- _DATA EXTRACT_
☆ ☆ ☆ ☆ ☆

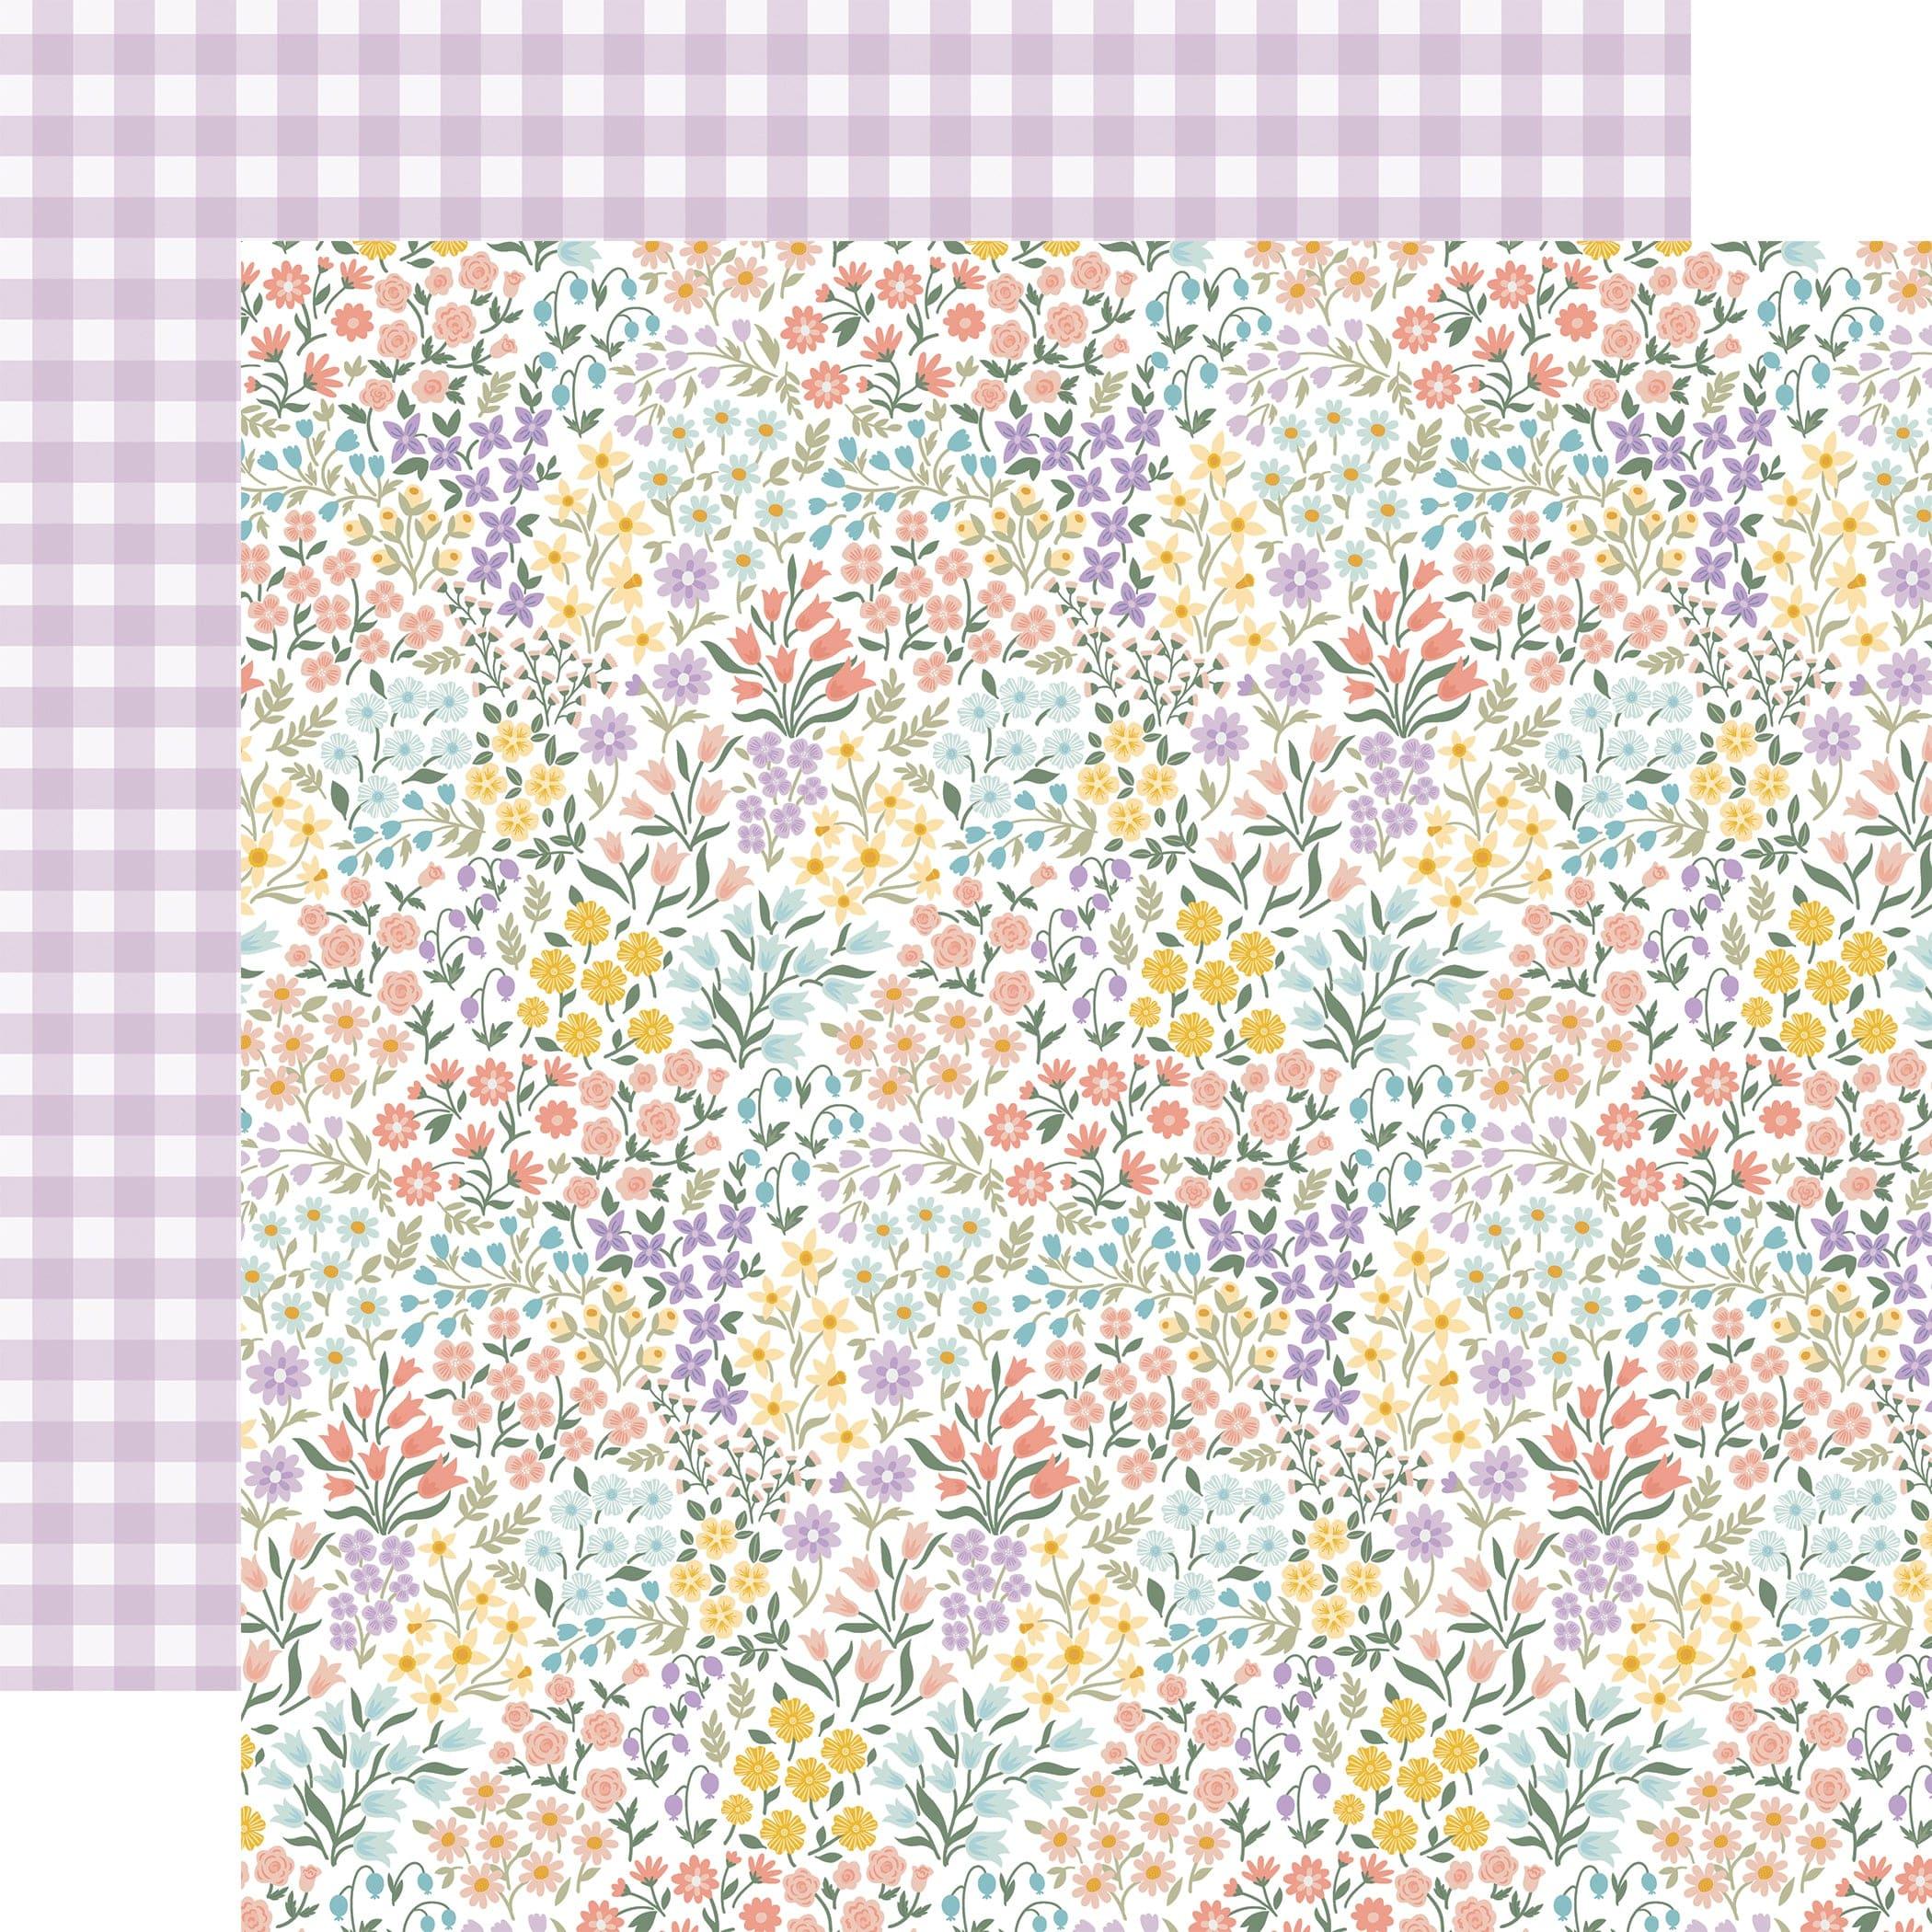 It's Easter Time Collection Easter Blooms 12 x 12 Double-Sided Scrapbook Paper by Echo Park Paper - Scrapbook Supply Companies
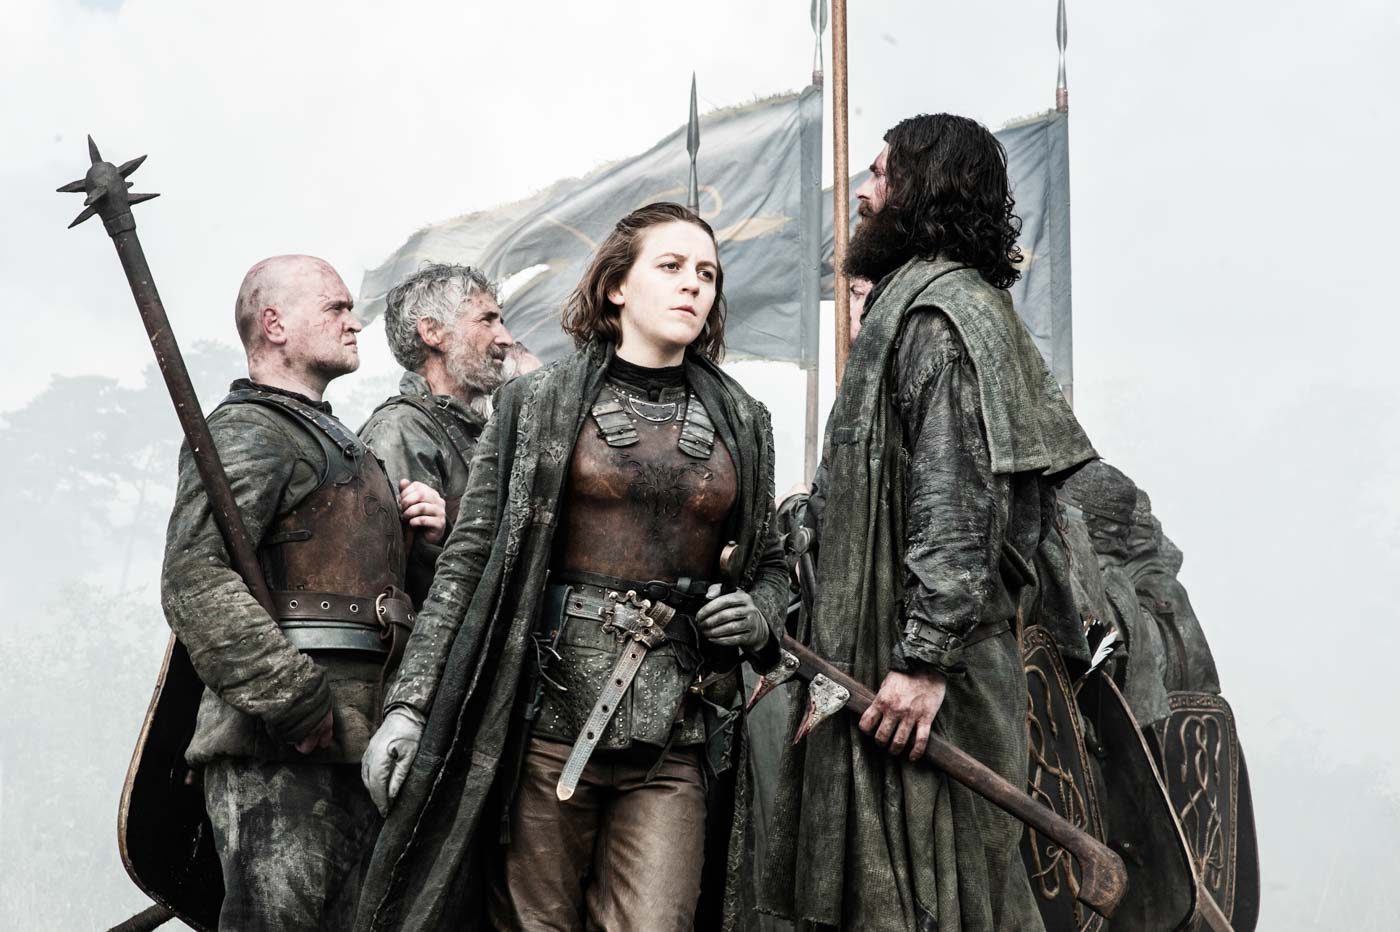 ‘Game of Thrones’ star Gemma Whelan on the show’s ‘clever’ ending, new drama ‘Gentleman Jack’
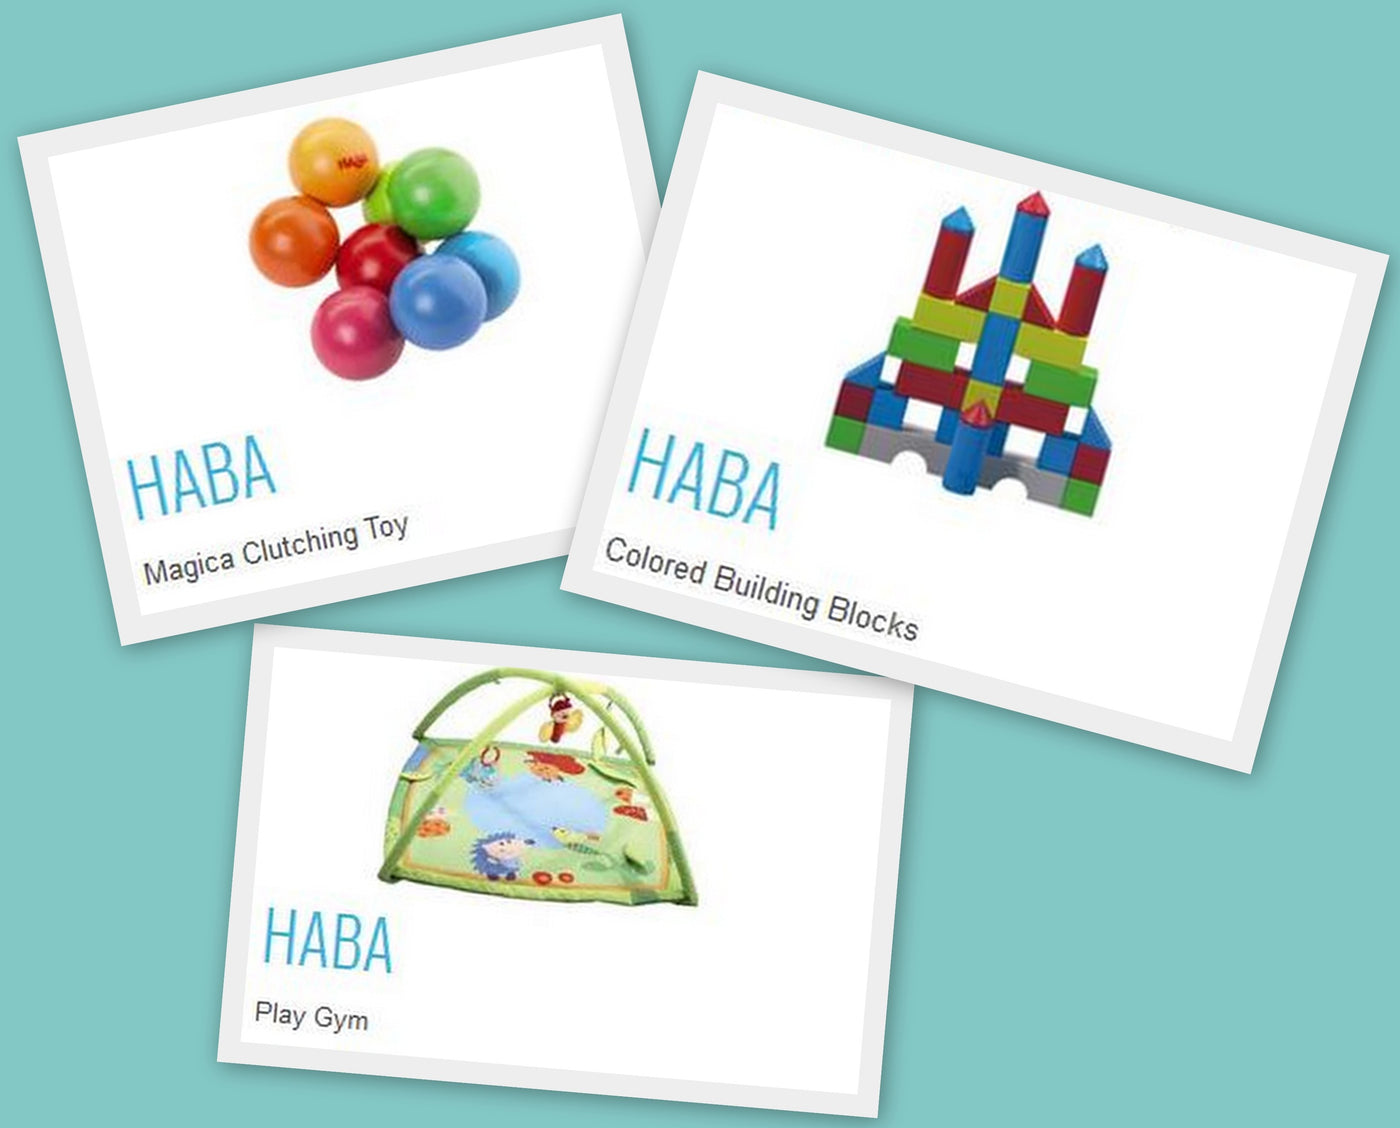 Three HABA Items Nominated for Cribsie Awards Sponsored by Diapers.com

☆ ☆ ☆ ☆ ☆

Print once more, exactly, the lines from the one with "drama ‘Gentleman Jack’" through the last line of the data, both ends included, without any pictures.

- _EXERCISE SOLUTION_
 ‘Game of Thrones’ star Gemma Whelan on the show’s ‘clever’ ending, new drama ‘Gentleman Jack’
 Three HABA Items Nominated for Cribsie Awards Sponsored by Diapers.com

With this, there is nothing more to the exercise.